PROBLEM.
Exclude the pictures and repeat all of the data exactly.

DATA BELOW.
· · ·
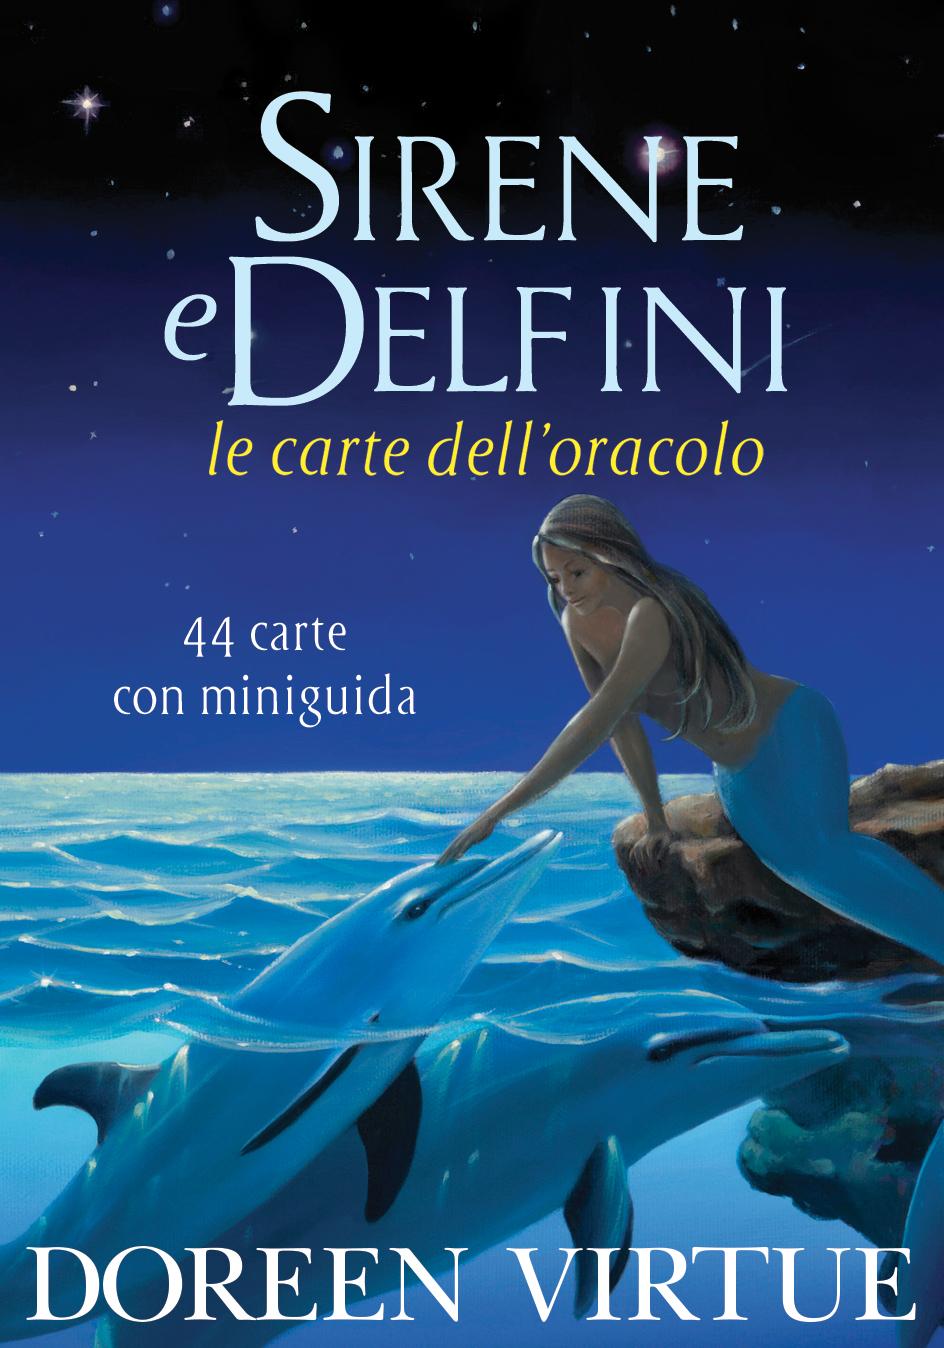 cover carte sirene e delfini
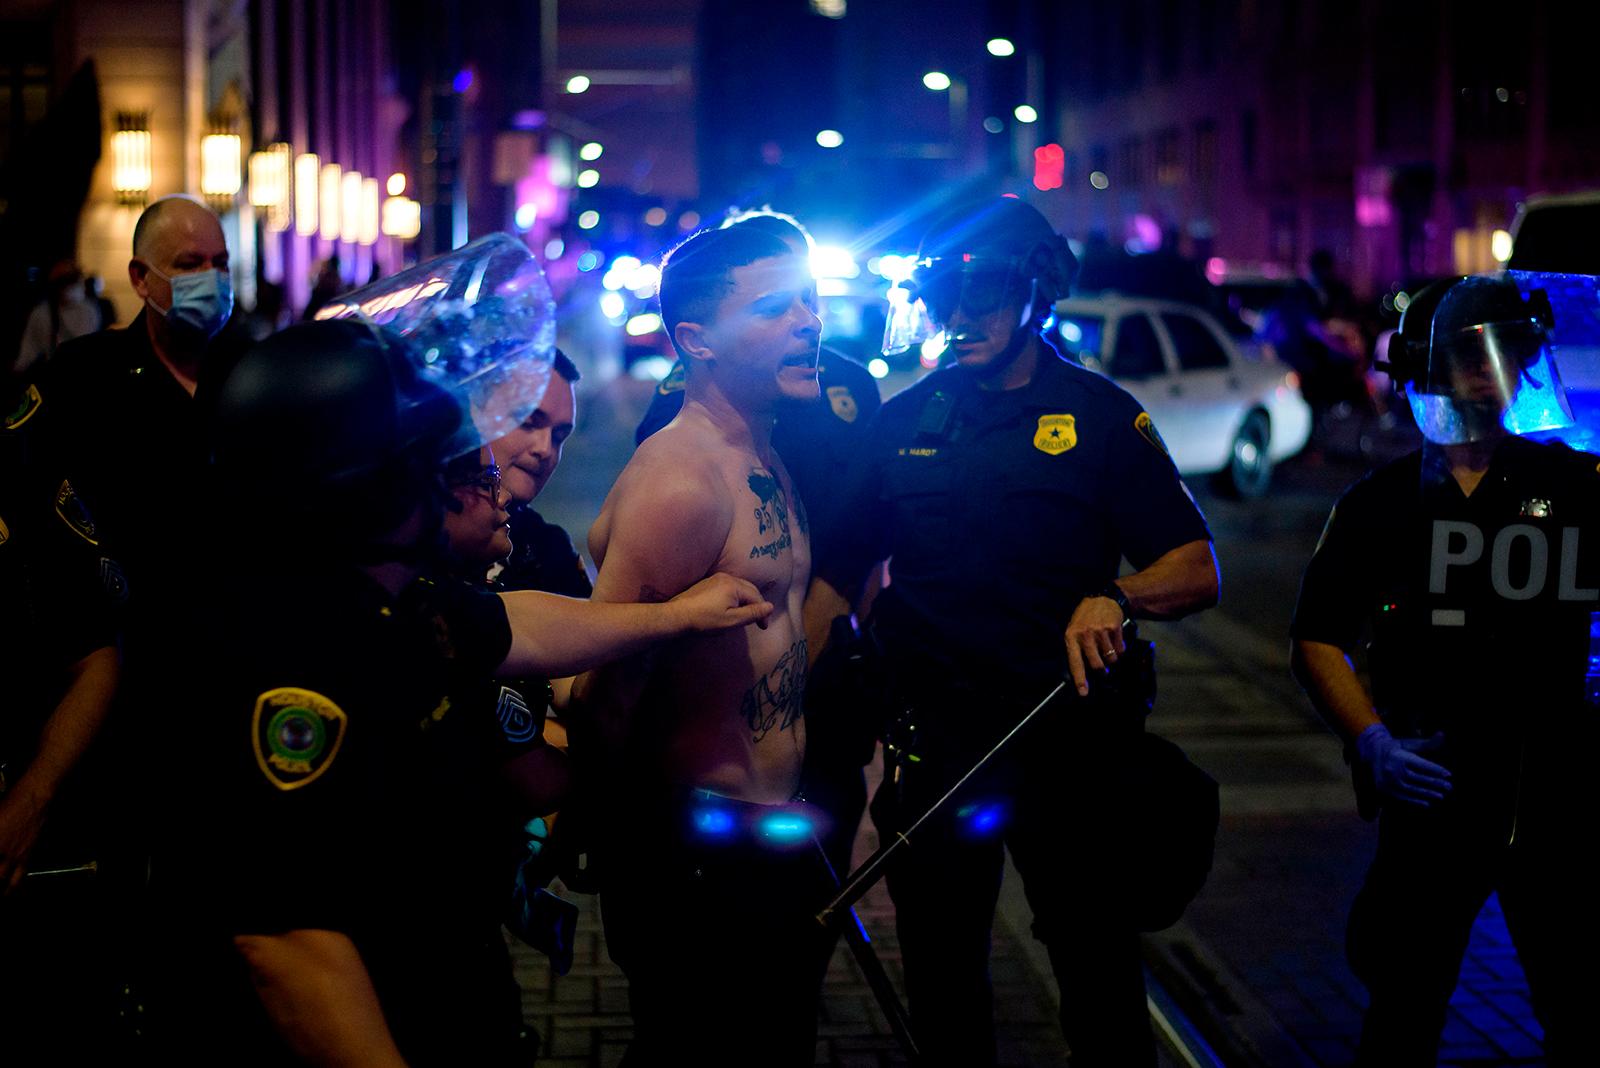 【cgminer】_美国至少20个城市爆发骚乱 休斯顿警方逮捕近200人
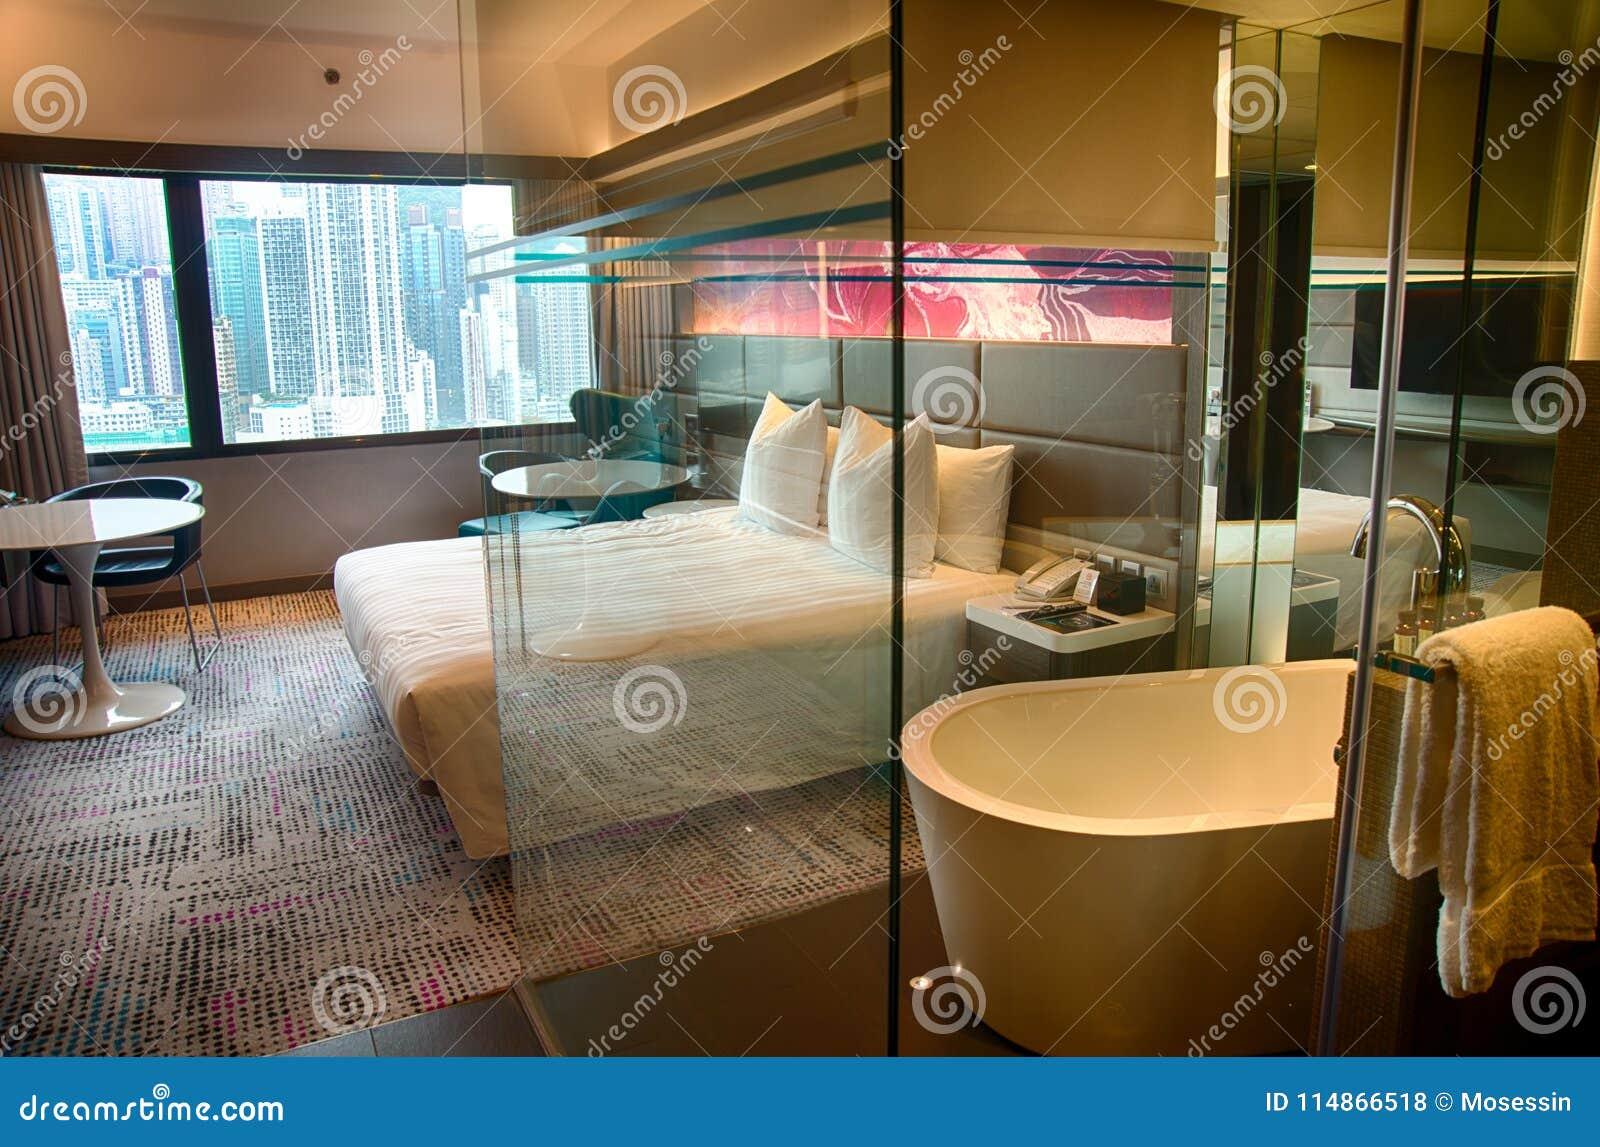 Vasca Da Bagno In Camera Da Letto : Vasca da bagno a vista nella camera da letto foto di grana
· · ·
THE ANSWER.
 cover carte sirene e delfini
 【cgminer】_美国至少20个城市爆发骚乱 休斯顿警方逮捕近200人
 Vasca Da Bagno In Camera Da Letto : Vasca da bagno a vista nella camera da letto foto di grana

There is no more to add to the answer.